“I have a magnificent plan to fix all the money problems in America,” says Psycho Dave, throwing down a stack of stapled papers on my coffee table. “And we should implement it immediately.”
“Okay, so what is it?” I say.
“I’m going to shit in your mouth,” says Psycho Dave.
“Well, I don’t think this is a plan that I can get behind,” I say.
“Your extreme partisanship shows that you’re not serious about fixing the problems facing our nation,” says Psycho Dave. “All you’re doing is playing the same petty political games that got us into this mess to begin with.”
“I don’t want you shitting in my mouth,” I say. “Shitting in my mouth is a horrible idea.”
“Once again the Party of No rears its ugly head, naysaying everything and offering no ideas of their own,” says Psycho Dave.
“I have a great idea, it’s called not shitting in my mouth,” I say.
“You are obviously an unserious person who doesn’t want to confront our current fiscal reality,” says Psycho Dave.
“I’m serious about you not shitting in my mouth,” I say. “That’s an awful plan and it won’t solve anything.”
“That’s not what New York Times columnist David Brooks says about my plan to shit in your mouth,” says Psycho Dave, conjuring the columnist from the aether. “He says my plan is the most comprehensive and courageous proposal anyone has ever seen in their lifetimes.”
“Does this plan involve shitting in David Brooks’ mouth?” I say.
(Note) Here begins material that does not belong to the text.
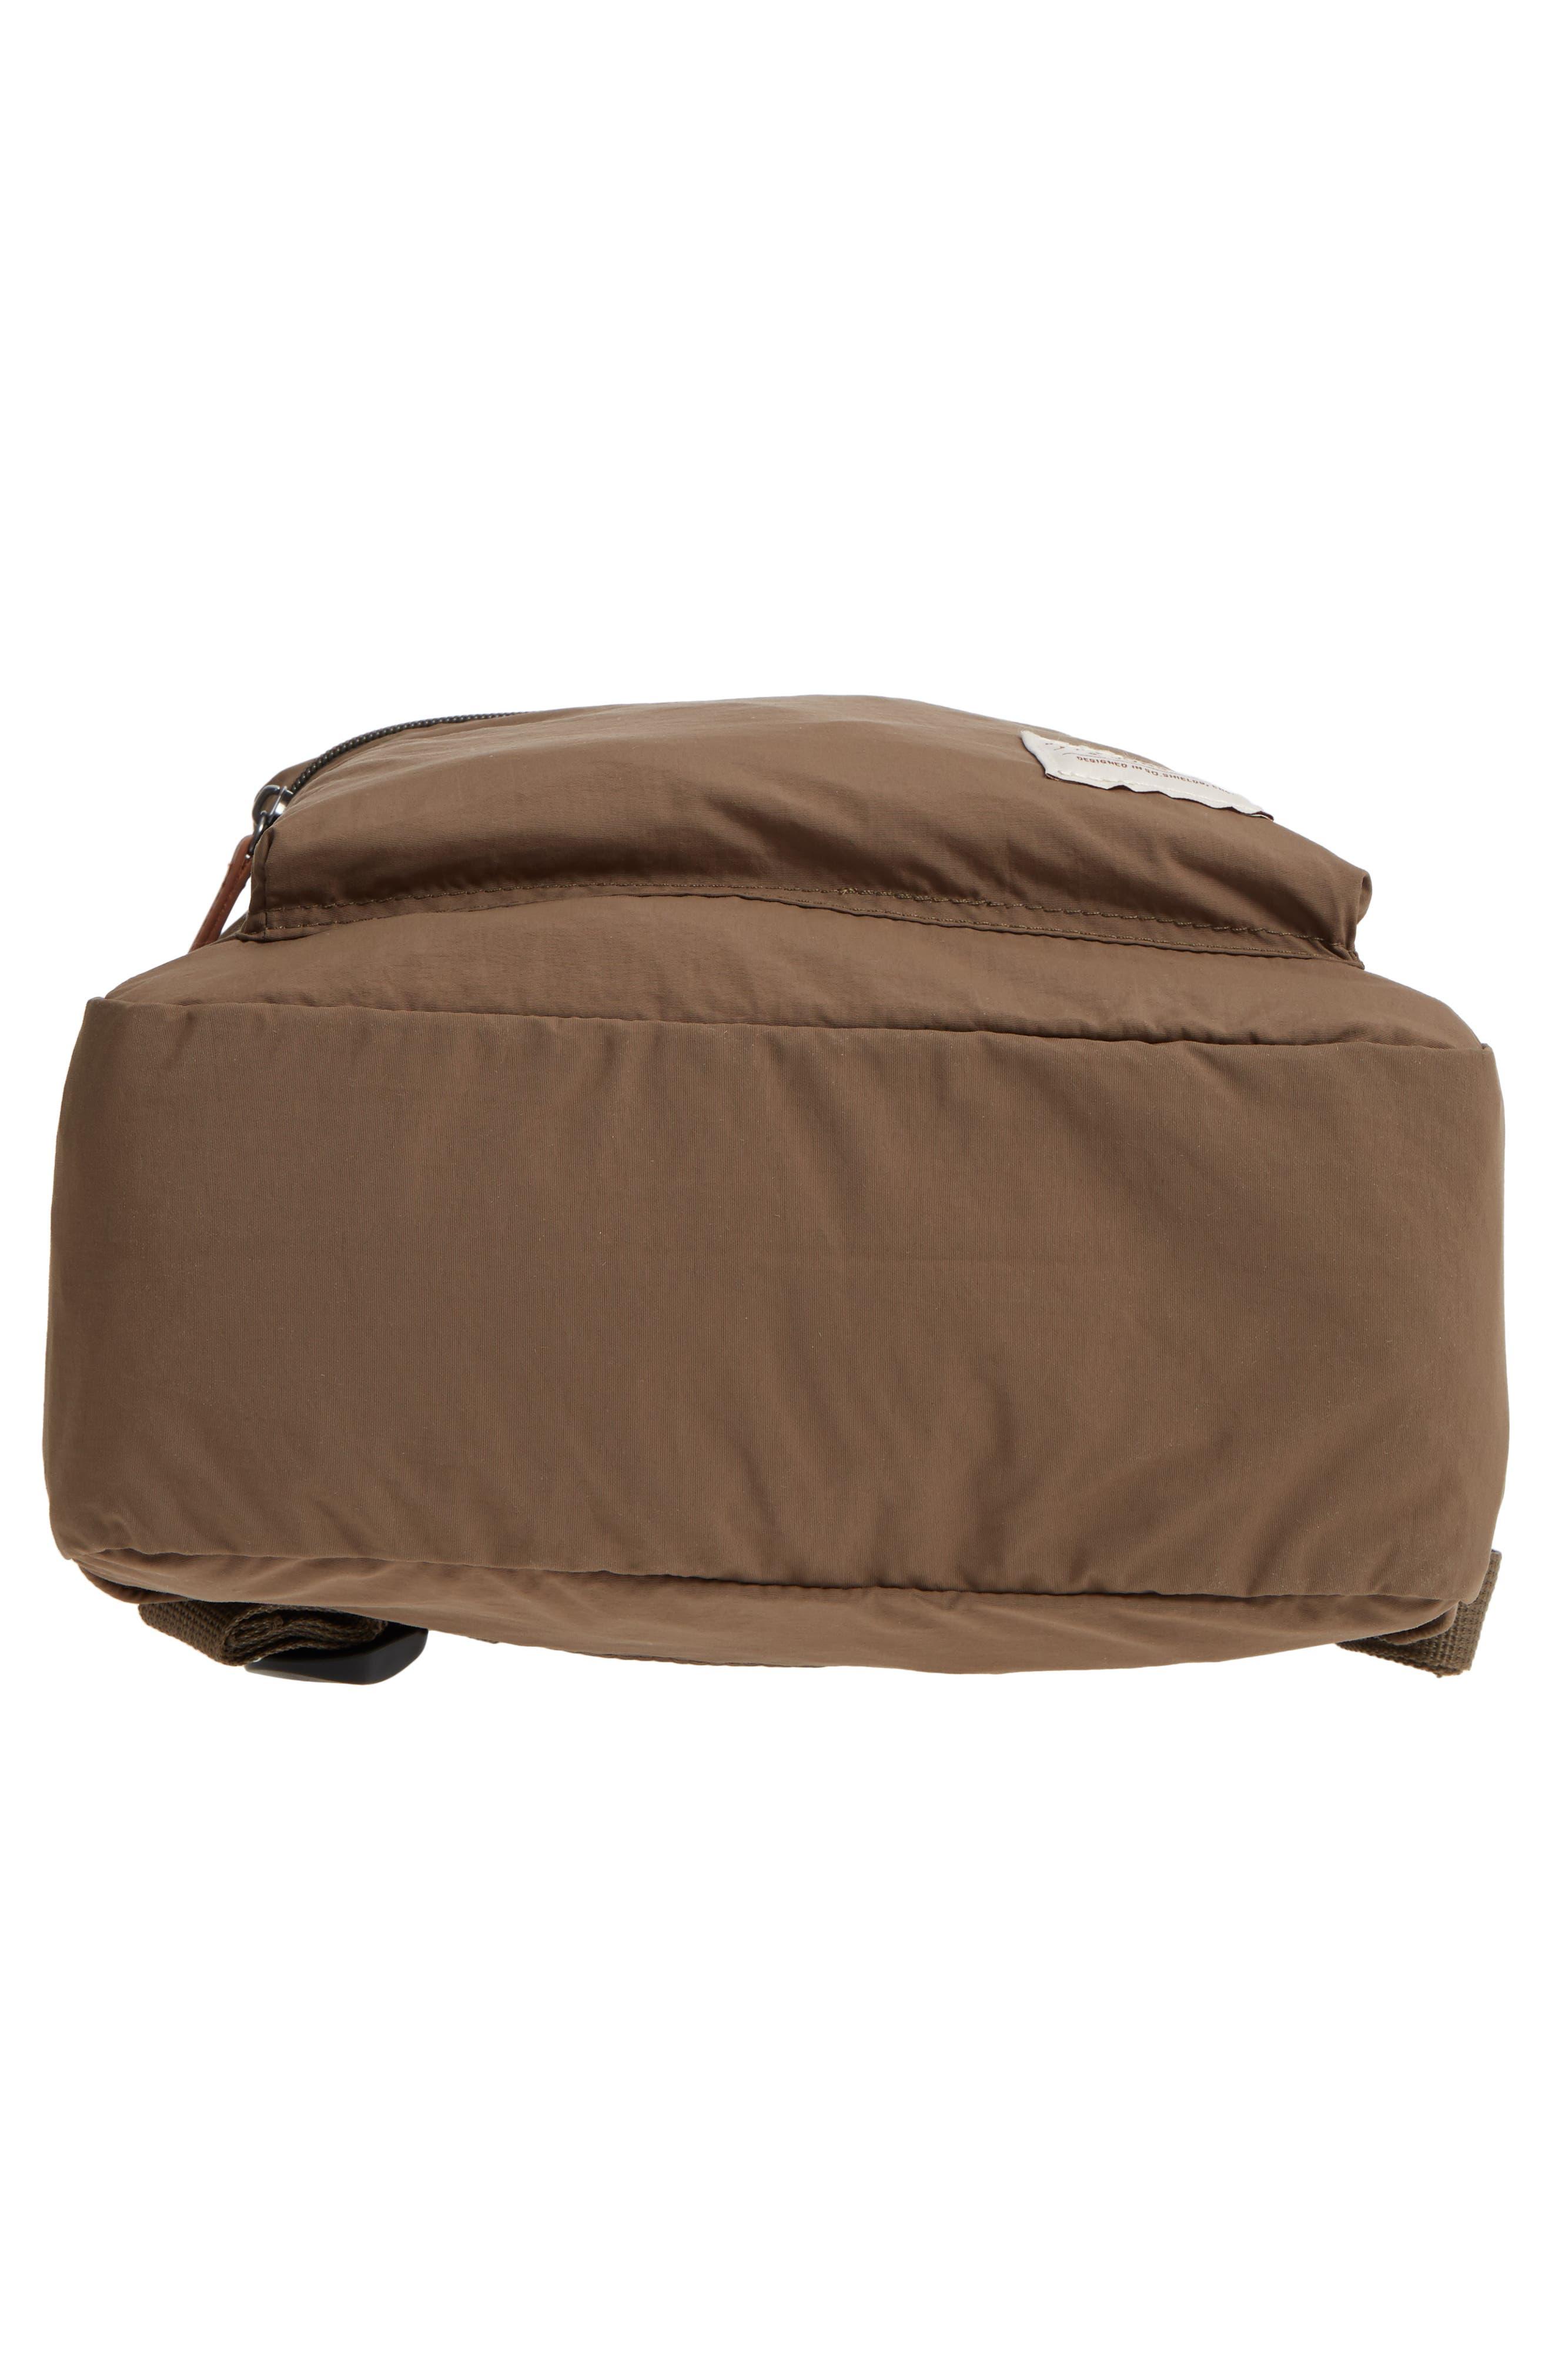 Beauly Packable Backpack,                             Alternate thumbnail 6, color,                             KHAKI
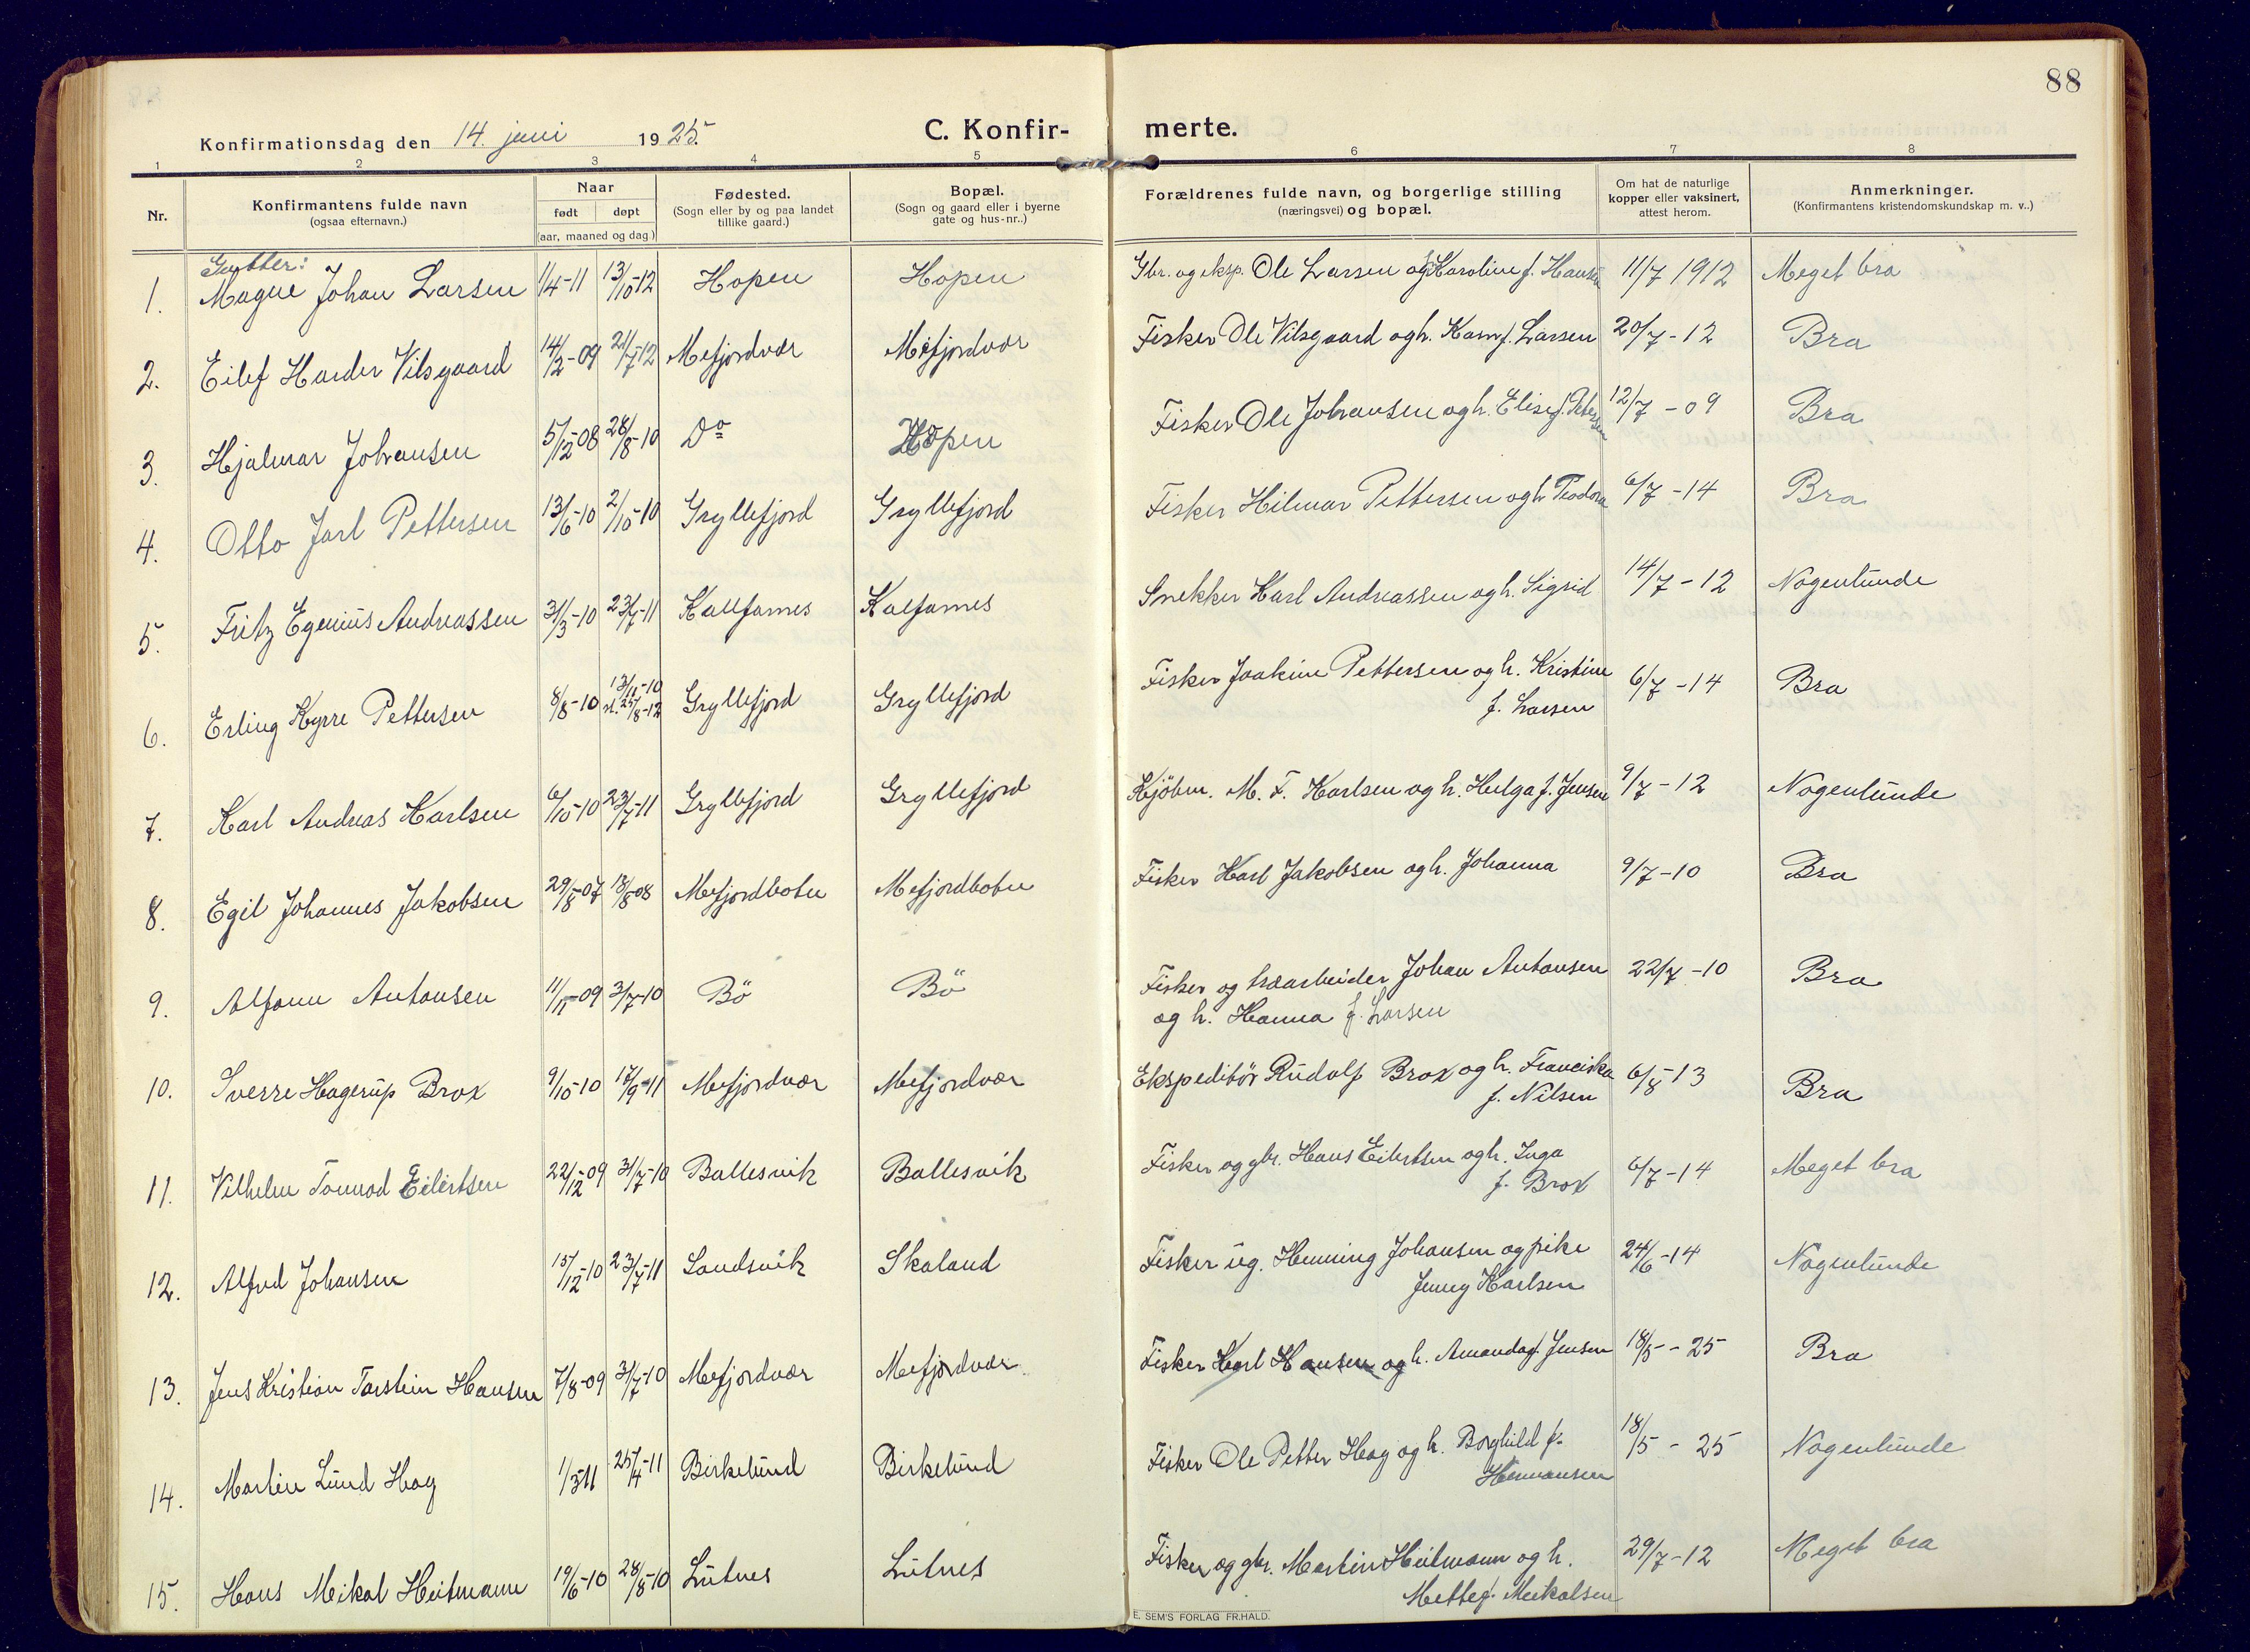 SATØ, Mefjord/Berg sokneprestkontor, G/Ga/Gaa: Ministerialbok nr. 9, 1916-1928, s. 88

“No it does not,” says Psycho Dave.
“Then David Brooks doesn’t know what the word courageous means,” I say. “He doesn’t know what a lot of words mean, and his ratio of wrong things said to correct things said is so lopsided toward being wrong that I swear he’s being a paint-huffing helmet-wearing buffoon on purpose. Plus he looks like a child molester.”
“Well, all his other Washington friends think my plan is bold, courageous, and very serious,” says Psycho Dave. “It’s doubly serious because I’m wearing a tie.”
“Tie or not, your plan doesn’t involve shitting in their mouths,” I say. “And furthermore, how does shitting in my mouth fix anything?”
“According to research from the Heritage Foundation, shitting in your mouth will reduce unemployment to negative 9 percent by 2020,” says Psycho Dave. “That means… uh… you know however many people are unemployed now? Not only will they have jobs, they will have a second job on top of that.”
“You still haven’t said how exactly shitting in my mouth is supposed to do that,” I say.
“It’s called the Invisible Sphincter of the Free Market,” says Psycho Dave. “It’s the cornerstone of capitalist thought, courtesy of Adam Smith. You’d know that if you’d ever stalked a girl who was taking an economics course at community college.”
“You’re not shitting in my mouth based on your wild and creepy misunderstanding of economic theory,” I say.
“I can get a few Democratic politicians to suggest that you at least should let me rub a turd on your lips,” says Psycho Dave. “Will that show you how bipartisan and serious my plan is? Are you willing to compromise? Meet me halfway here?”
“I don’t think you appreciate my firm conviction of keeping feces away from my mouth,” I say.
“Well, if I can’t shit in your mouth then I’m shutting the government down,” says Psycho Dave. “And then everything will be worse and I’ll have no choice but to blame it all on you and your ideologically stubborn and intellectually bankrupt refusal to work with me on the important issues facing our nation.”
“Could you do your blaming somewhere that’s not my living room?” I say. “I have more constructive things to do other than debate the dubious merits of you shitting in my mouth or not… things like eating a whole bag of rock salt.”
Psycho Dave leaves with his courageously bold and serious plan. I don’t know whether he plans to pitch a similarly serious plan to Ninja Vicki where if she signs over ownership of her lady parts to him that it will keep the sky from falling, but I seriously doubt she will be as patient and cordial with her dissent as I was, mainly because she hasn’t spent all morning drinking rum out a whale skull.